The free AI Trading Connection EA on Forex Factory provides a ready-made MQL5 framework for this. It handles the API communication, so you only need to configure your prompts and risk parameters.
Step 5: Set Up Monitoring and Alerts
Running bots unattended requires monitoring. Set up these safeguards on your QuantVPS:
- Telegram alerts — configure your EA or Python bot to send trade notifications, daily P&L summaries, and error alerts to a Telegram bot
- Hard risk limits — code maximum daily trade counts, maximum drawdown thresholds, and position size caps directly into the bot. Never rely on broker-side limits alone
- Auto-restart — use Windows Task Scheduler to restart MT5 and your Python scripts automatically if they crash
- Daily log review — check your VPS at least once daily to verify all systems are running. QuantVPS's 24/7 support can help if you notice issues
Performance Tips
- Disable Windows visual effects and unnecessary services to free up RAM
- Set MT5 to load only the charts and timeframes your EAs actually use
- If running multiple MT5 instances, use portable installations in separate folders
- Schedule heavy operations (model retraining, backtesting) during off-market hours
- Use QuantVPS's Chicago server for futures, New York or London for forex
Final Thoughts
The combination of AI models and dedicated trading infrastructure removes two of the biggest variables in algorithmic trading: prediction quality and execution reliability. QuantVPS handles the second half of that equation.

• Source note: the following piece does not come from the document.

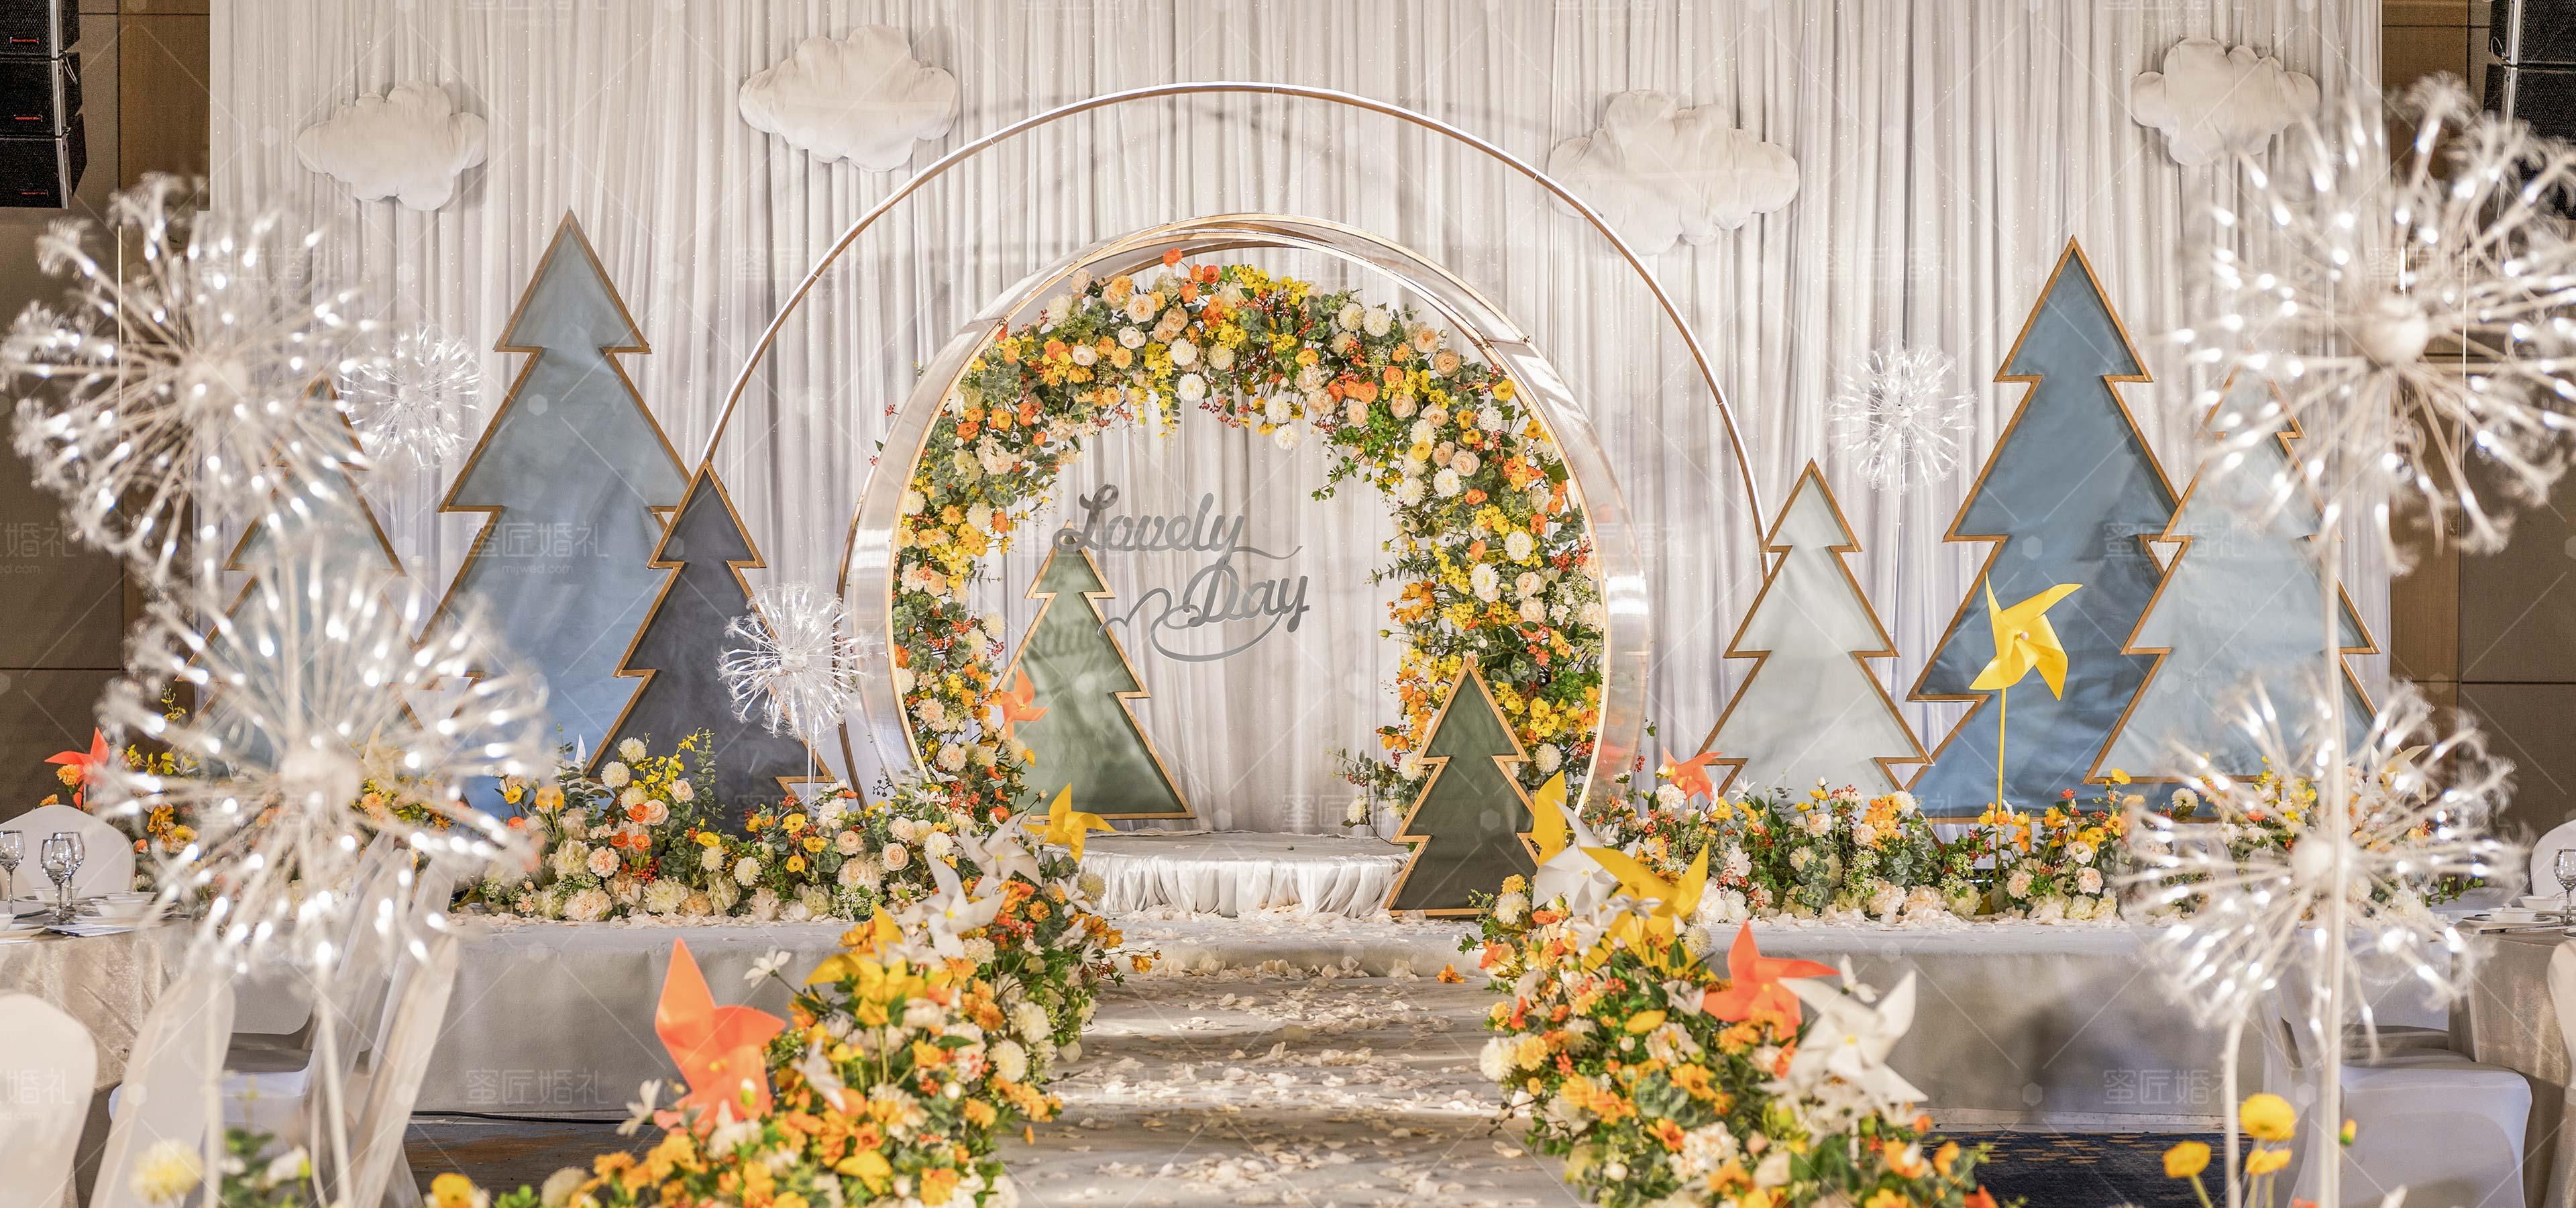 常山县婚礼策划方案:如风1

Whether you are running a simple moving average EA or a multi-model LSTM system with LLM sentiment filtering, the setup process on QuantVPS is straightforward. The pre-configured Windows environment and trading-specific hardware mean less time configuring and more time iterating on strategies.
For a full review of QuantVPS's plans, latency benchmarks, and pricing, see our QuantVPS review and pricing breakdown.
Frequently Asked Questions
Can I run multiple MT5 instances on one QuantVPS?
Yes. The Pro and Ultra plans have enough resources to run 2-4 MT5 instances simultaneously. Use portable installations in separate folders to avoid conflicts.
Does QuantVPS support Linux for Python bots?
QuantVPS primarily offers Windows Server environments, which support Python natively. For Linux-based Docker setups, contact their support team about custom configurations.
How much RAM do I need for AI trading?
A single MT5 instance with one ONNX-based EA uses approximately 2-4GB of RAM. Add 2-4GB for a Python inference loop. The Pro plan with 16GB comfortably handles most setups.
Is QuantVPS fast enough for scalping?
Yes. With sub-0.52ms latency to the CME and sub-1ms to major forex brokers, QuantVPS is suitable for scalping and high-frequency strategies where execution speed is critical.
Can I use ChatGPT or Claude with my trading bot?
Yes. Your EA or Python bot can call the OpenAI or Anthropic APIs from the VPS. The stable internet connection ensures API calls complete reliably, even during high-volatility periods.